The structure falls into uneven sections that track the experience itself. The long opening stanza plods like the exhausted march it describes; the gas attack erupts in broken, urgent rhythm (“Gas! GAS! Quick, boys!”); a stark two-line stanza isolates the recurring nightmare; and the final verse paragraph turns outward to indict the reader. The meter staggers and stumbles where the action does, so the form enacts the collapse of order that the content describes.
Historical Context
Wilfred Owen drafted “Dulce et Decorum Est” in October 1917 while recovering from shell shock at Craiglockhart War Hospital near Edinburgh, and revised it in early 1918. At Craiglockhart he met the poet Siegfried Sassoon, whose mentorship sharpened Owen’s anti-war voice. Owen had fought on the Western Front and witnessed the realities of trench warfare and gas attacks firsthand, and the poem draws directly on that experience.
Early drafts of the poem were dedicated to Jessie Pope, a popular writer of patriotic, pro-recruitment verse; the closing address to “My friend” who tells children of “desperate glory” was aimed squarely at her kind of war propaganda. Owen was killed in action on 4 November 1918, just one week before the Armistice ended the war. He never saw the poem in print — it was published posthumously in 1920 in the collection Poems, edited by Sassoon, and has since become perhaps the most widely known anti-war poem in English.
Glossary
- Dulce et decorum est pro patria mori: Latin, from the Roman poet Horace’s Odes: “It is sweet and fitting to die for one’s country.”
- Blood-shod: Wearing blood in place of shoes; the barefoot soldiers’ feet are so bloodied they seem shod in it.
- Five-Nines / gas-shells: Shells delivering poison gas; the “thick green light” points to chlorine, which floods the lungs and produces a drowning sensation.

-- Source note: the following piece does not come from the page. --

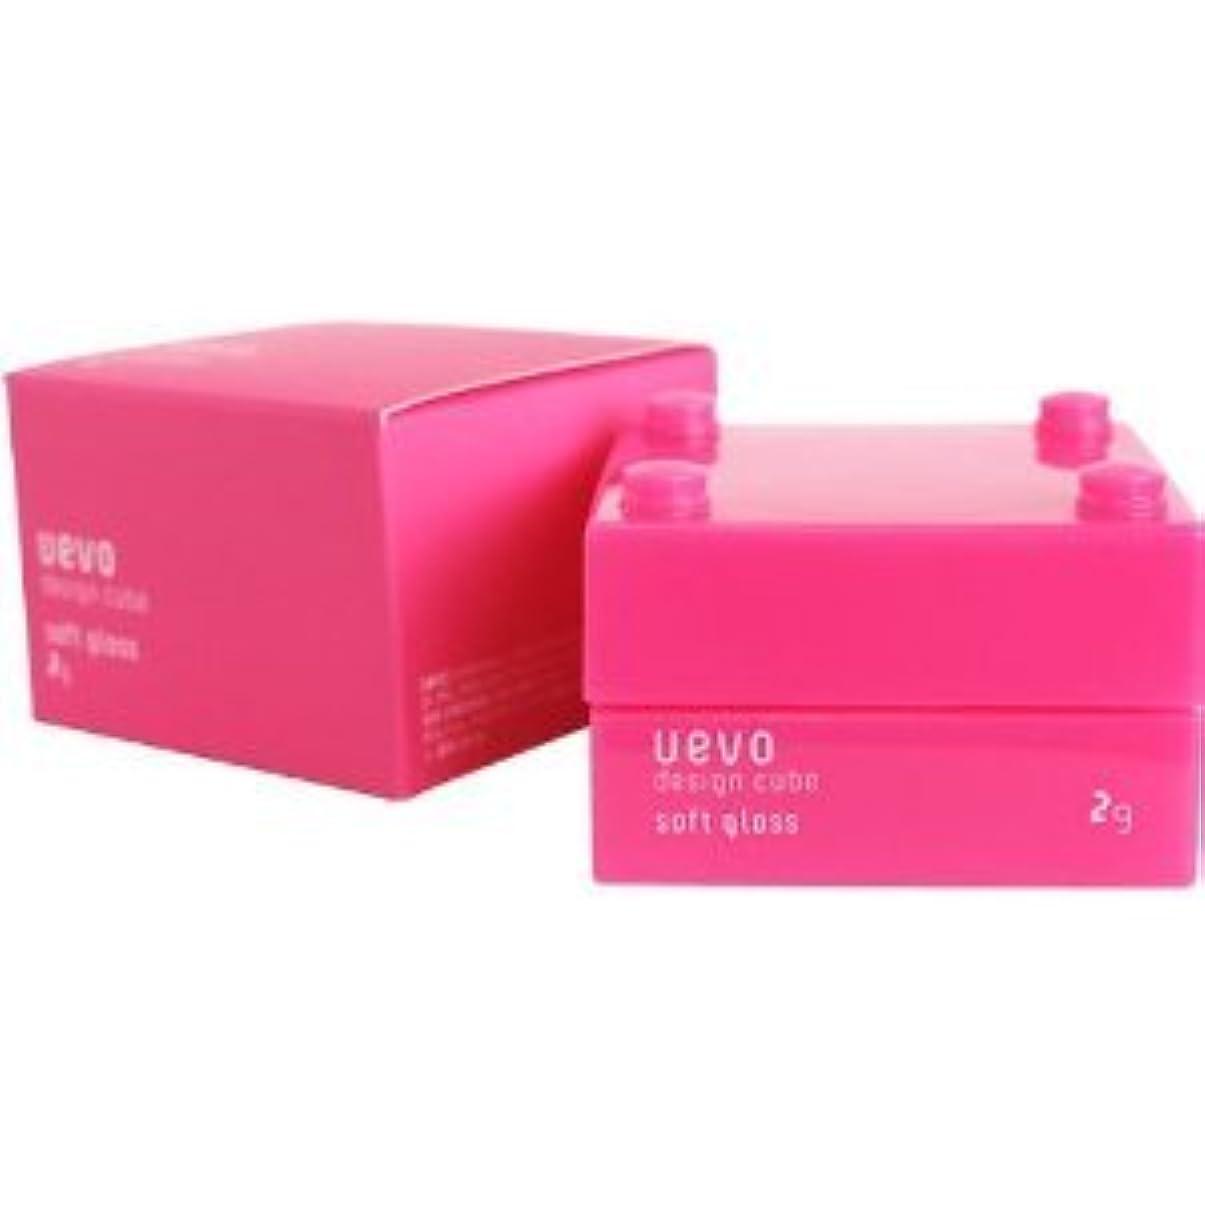 腐った作り損傷【X2個セット】 デミ ウェーボ デザインキューブ ソフトグロス 30g soft gloss DEMI uevo design cube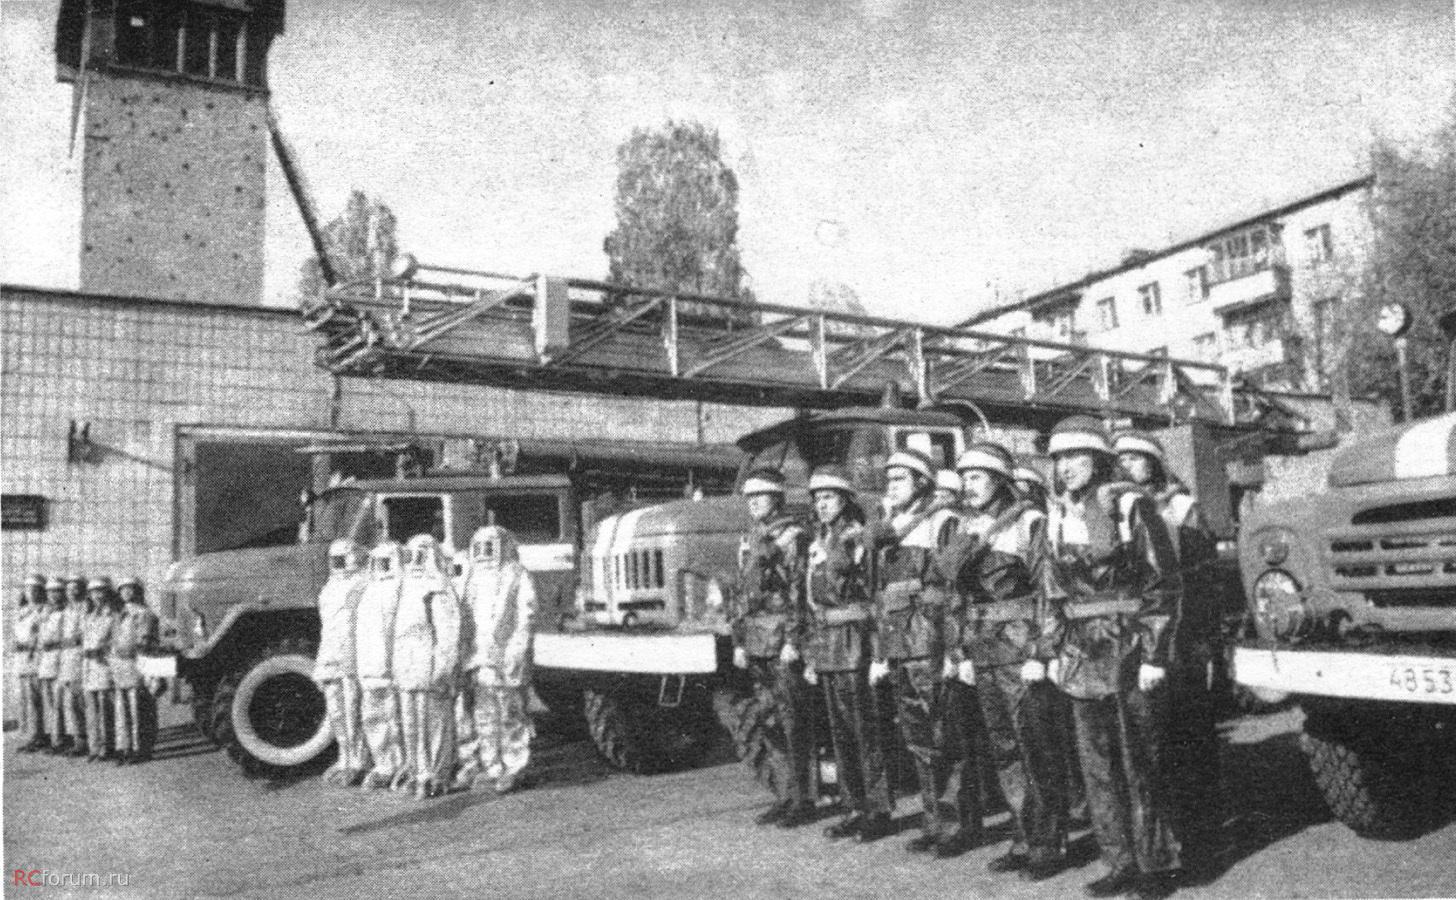 Ez nem a pripyati őrs, de jól látható a kétféle bevetési ruházat és az azbeszt anyagból készült hőálló ruházat is.

- Guttering: Burning or flickering out unsteadily, like a failing candle; here, the sound and motion of the dying man choking.
- Lime: Quicklime, a caustic substance that burns flesh on contact — the writhing man flounders as if caught in it.
Related Poems
- Anthem for Doomed Youth by Wilfred Owen: Owen’s sonnet-elegy for soldiers who die without ceremony, the closest companion to this poem in voice and outrage.
- The Soldier by Rupert Brooke: The patriotic, idealizing war sonnet that Owen’s poem was written to refute — best read alongside it as a direct contrast.
- The Charge of the Light Brigade by Alfred Tennyson: An earlier celebration of military sacrifice whose heroic framing Owen’s generation turned against.
- In Flanders Fields by John McCrae: Another famous First World War poem, written from the trenches, offering a very different call to the living.